6. Set up your headlight next to your chair. Stack the two concrete blocks in front of
you and cover with a towel or something. The patient will sit down with their
back to you, and then you can lean them back, resting their neck, head, on your
knee. Keep their head out toward the knee, not in close to your stomach so you
have the correct angle. That way you can sit and work all day without breaking
your back. No, this is not a joke. TRY IT! It works. It’s Phil’s inventive
attribution to the humanitarian aid dental world.
7. It works well to anesthetize 5-6 people, marking on their papers what teeth will be
extracted. Then go back and do the extractions. Place 2-3 folded gauze in place
and instruct them to hold pressure for an hour then discard the gauze. There is
typically little problem with bleeding, and the people seem to know how to take
care of it.
8. Throw the excess bloody gauze and teeth into the trashcan with the plastic bag
liner. Every one gets something for pain. Have your pharmacy make up packets of
Tylenol 500mg or Ibuprofen 400mg, #10, with instructions for TID or QID for the
pain. They are not used to taking meds here so lower doses work well.
9. Antibiotics are rarely necessary.
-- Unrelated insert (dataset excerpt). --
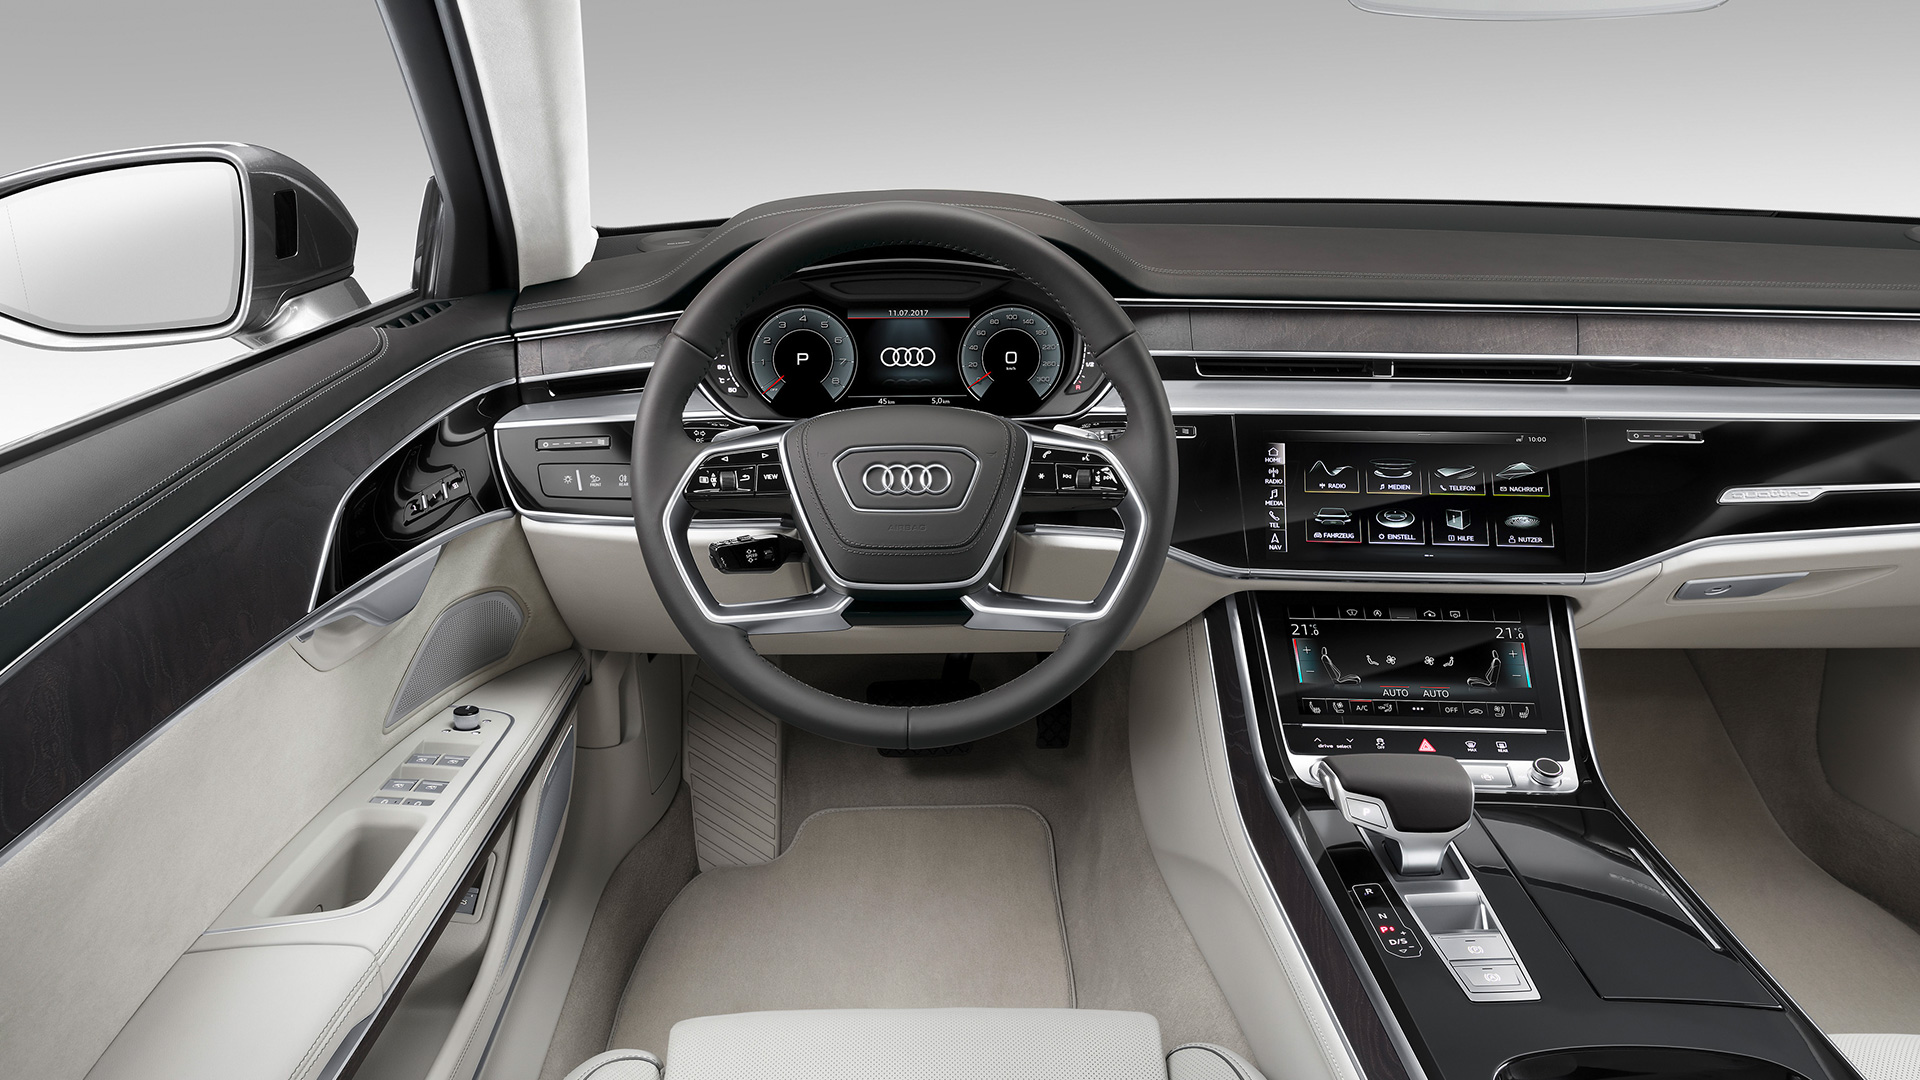 Audi A8l 2020 55 TFSI quattro Interior Car Photos - Overdrive
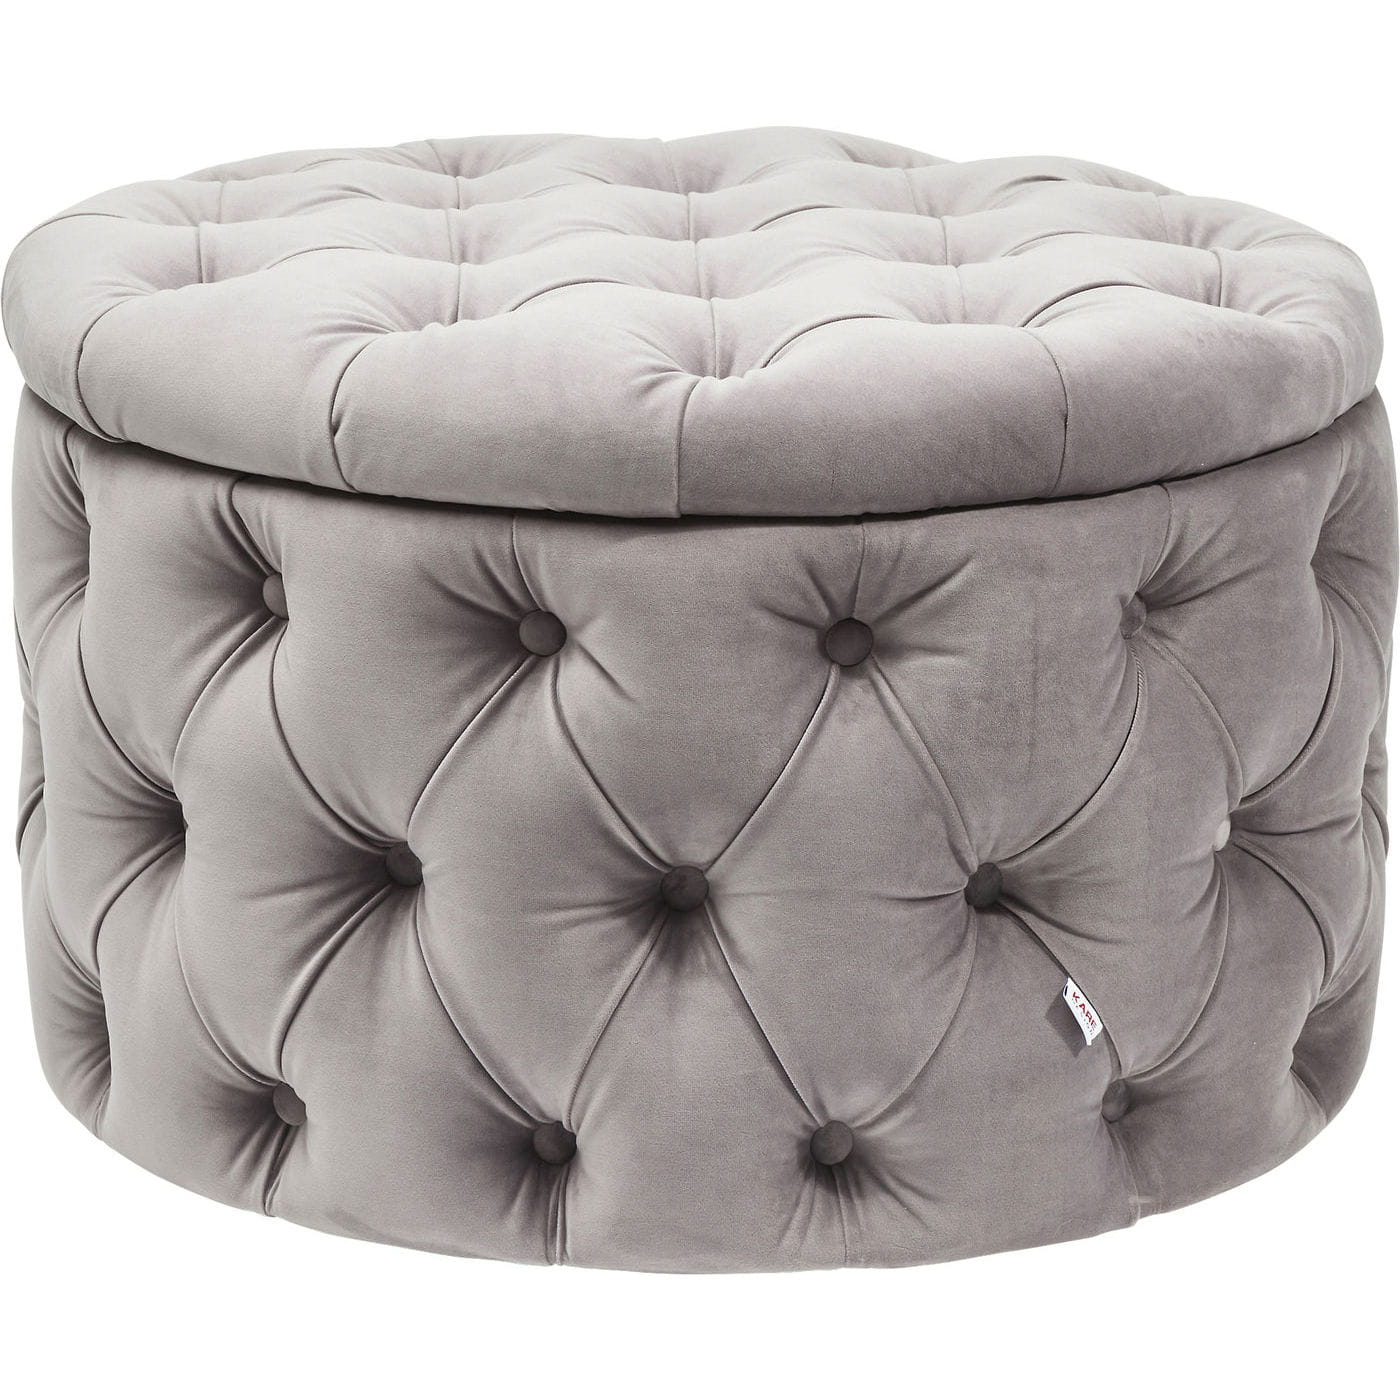 KARE Design Sedile Desire tondo grigio argento, Sgabelli da seduta, Sgabelli, Mobili

Once you remove the source of infection, the
body heals quickly, but do what you feel is right on a case-by-case basis.
Antibiotics are typically a good idea when there is acute pus present.
10. Then repeat, repeat, REPEAT, until exhausted or through for the day. Do take
breaks as needed.
11. You will need to decide how many patients you want to see at the BEGINNING
of the day. Be sure and see all that are given out numbers. Keep an eye out for
how many patients you have left in the afternoon and you can gauge how many
extractions to do for each one so you can get finished. You can do only single
extractions if you begin to run out of time.
12. Most of the extractions are simple and routine due to mal-nutrition. The bone is
softer, and most of the extractions are chronic abscesses so there is already bone
breakdown.
13. If you do break off a root, you can try to retrieve it, but don’t try to be Super Doc.
If you can’t get it, don’t worry. Give them medications and have your translator
explain to them they need to come to the clinic in Camanchaj on Monday or
Tuesday. I will take care of it there with the proper equipment. The patients
understand. Much of the dentistry done here is terrible, and root tips are a
common occurrence.
14. When you have finished for the day, clean all the instruments up and re-pack.
Please be sure they all get back, we tend to frequently lose instruments and
forceps, and would like to have some left for your next trip!
15. Pour the cold sterile back into its bottle. You can filter it through some folded
cause. You need to use that solution for the entire week you work.
16. Remember to bring back the needles and sharps for disposal.
17. Pack up all the other trash and gauze into plastic trash bags. The village will
dispose of it. (Don’t ask.)
18. Sit down and drink some water, you probably need it!
19. Feel really, really good about what you have done for the people. You have
eliminated many sources of pain and infection that would still be there if it were
not for you.
20. Load up the suitcases and head for home.
21. Let God’s grace fill you and take away your tension and fatigue. Feel the presence
of God as you get ready for the next day.